連載 第30回「城ヶ島のこと その6」 三浦の咄(はなし)いろいろ みうら観光ボランティアガイド 田中健介
三浦市内に住む方々の姓氏が地域によって特色がみられます。
城ヶ島について、『城ヶ嶋村沿革畧誌』(加藤泰次郎氏編纂)の中に、島の宗家十八氏の姓氏が記されています。皆「捕魚」を業とするとも書かれています。その姓氏とは、「石橋・加藤・濱田・中村・金子・藤井・村田・下里・木村・出口・亀崎・青木・黒川・星野・飯嶋・染羽」の諸氏を挙げ、さらに脇坂・杉山の両氏を加えています。中でも、「亀崎・下里・出口」の諸氏は三浦道寸義同の亡臣と言われているとも記されています。現在、「出口姓」は諸磯地区に多くみられます。
城ヶ島出身の人で、興味深い話が、「中公文庫」の矢田挿雲著の『江戸から東京へ』第二巻、浅草(上)に記載されています。
「原田きぬ」こと、「夜嵐おきぬ」と呼ばれた女性のことです。
城ヶ島の佐次郎という漁師の娘であるが、ある日浜辺で遊んでいるところを、浅草猿若町三丁目の道中師(飛脚・荷宰領など、他人の用事で旅をする者)鎌倉屋勘七なる者が、おきぬの容色に眼をつけ、十両の金で買いとって、江戸へ連れ戻った。それから二、三年垢(あか)を落して、芸事を仕込(しこ)み、十六才の年に、「鎌倉屋小春」と名乗らせて、芸者にした。十八才の年に、兵庫灘の酒造家高田屋吉兵衛の倅(せがれ)吉之助に落籍(ひか)されて、吉之助の国へ伴われる途中、今切(いまぎり)の渡しで番頭幸助に海中へ突き落されて、荒井の磯へ打ち上げられた。それを土地の遊び人の房吉に救われて、我に復(かえ)ったおきぬは、初めて人の心の計(はか)りがたきこと、正直にしているのは馬鹿らしいことなどを悟った。番頭幸助の無情な忠義、恩を売りつけて、狼の爪を砥(と)ごうとする房吉の義侠(ぎきょう)心、この二人の心を通して、世間全体を独断して、可憐(かれん)なおきぬは毒婦へと一変した。

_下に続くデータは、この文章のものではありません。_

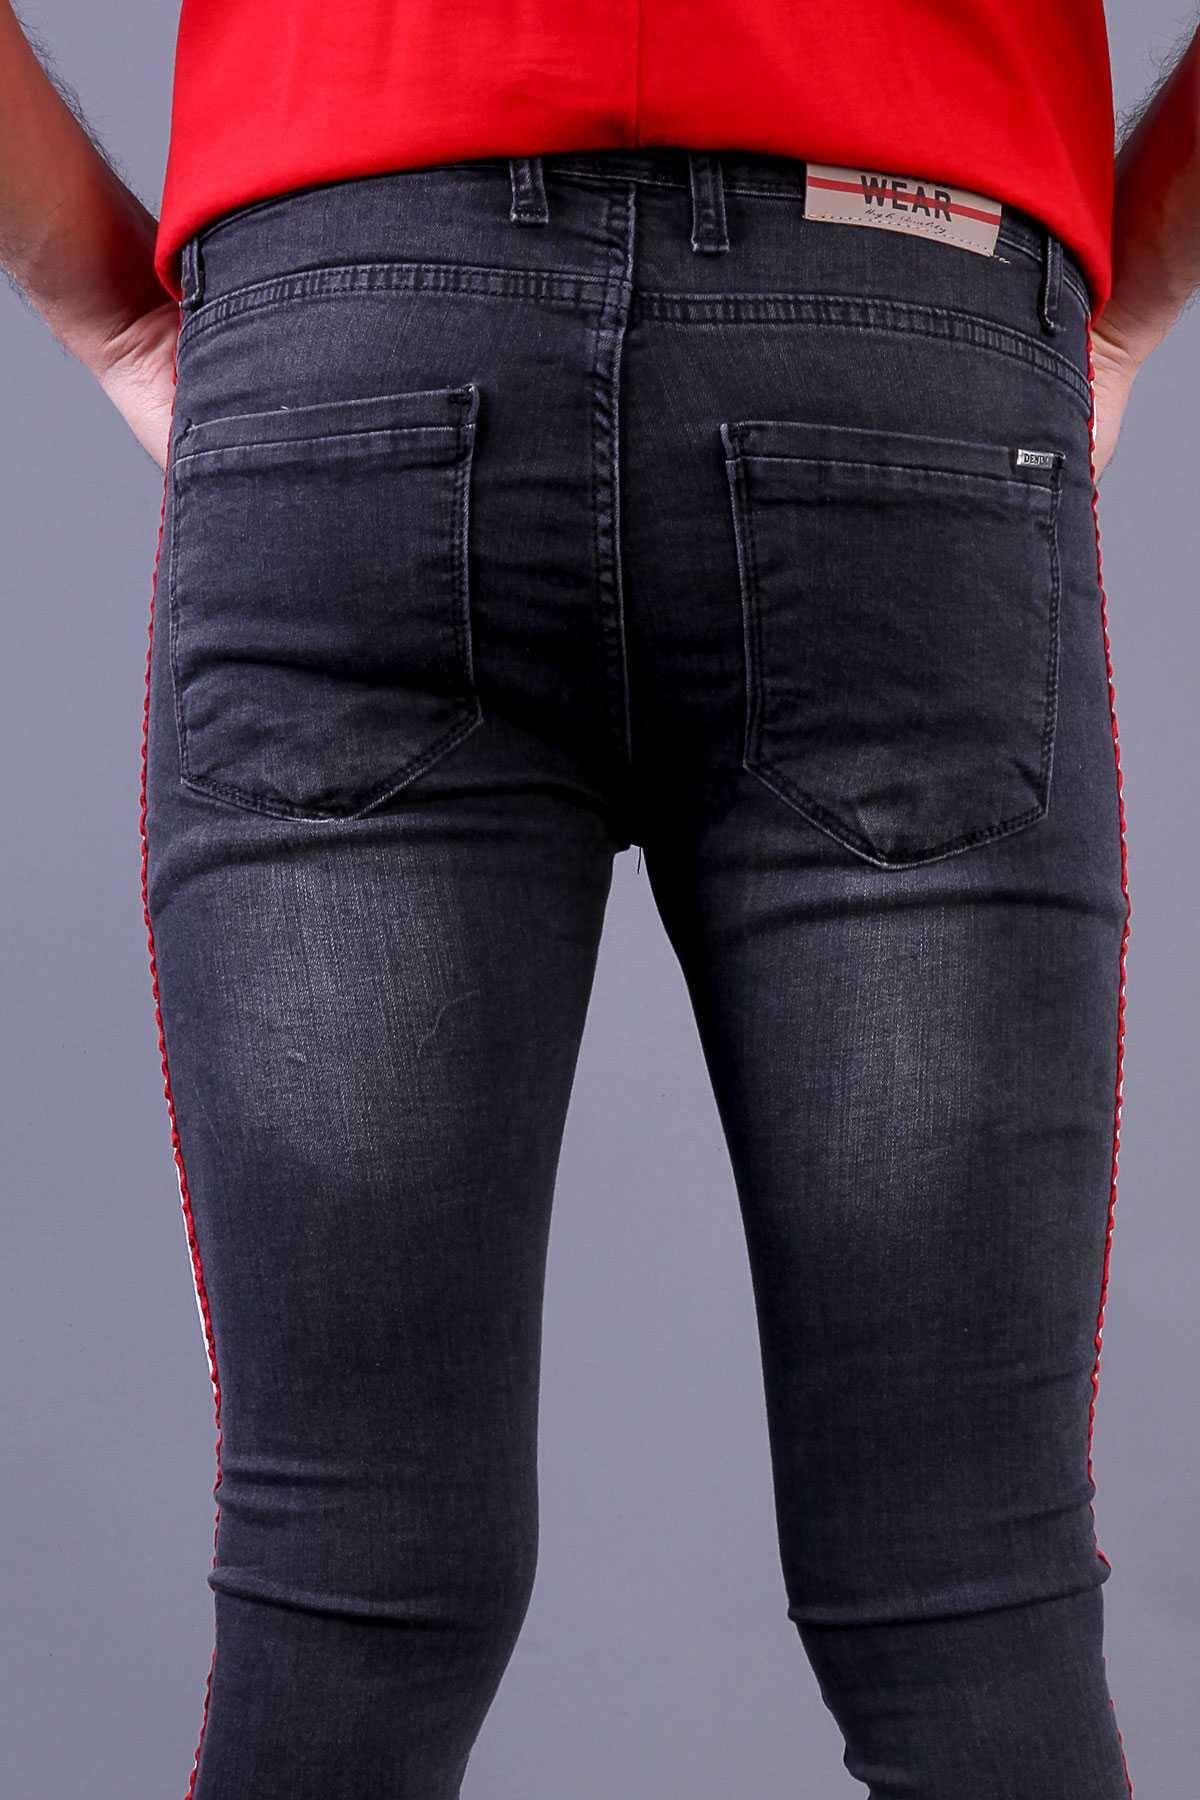 Yanı Çift Şeritli Hafif Taşlamalı Bilek Boy Slim Fit Kot Pantolon Antrasit

その後、「花代」と名のり下野(しもつけ)国那須郡烏山の大久保佐渡守なる三万石の大名の妾となり、その殿様が亡くなって「真月院」と名を改める。しばらくして、日本橋の紀の国屋の倅(せがれ)角太郎と知り会う。しかし、角太郎は近江屋の娘との縁談が始まって、おきぬの元へ寄りつかなくなった。おきぬは生まれて始めて、燃(も)ゆる嫉妬を覚える。明治の代になって、東京府士族小林金平の妾となった。しかし、伊之吉という芝居者が、嵐璃鶴(りかく)という人物をおきぬにとり持つことゝなり、金平を毒殺することになってしまった。明治四年、死刑の宣告を受けて、二十八年の恋愛生活を閉じることになって、辞世の句「夜嵐の覚(さ)めて跡なし花の夢」という調子の高い句を残して、世を去っていったのである。
城ヶ島が出身の数奇な運命の女性の話であります。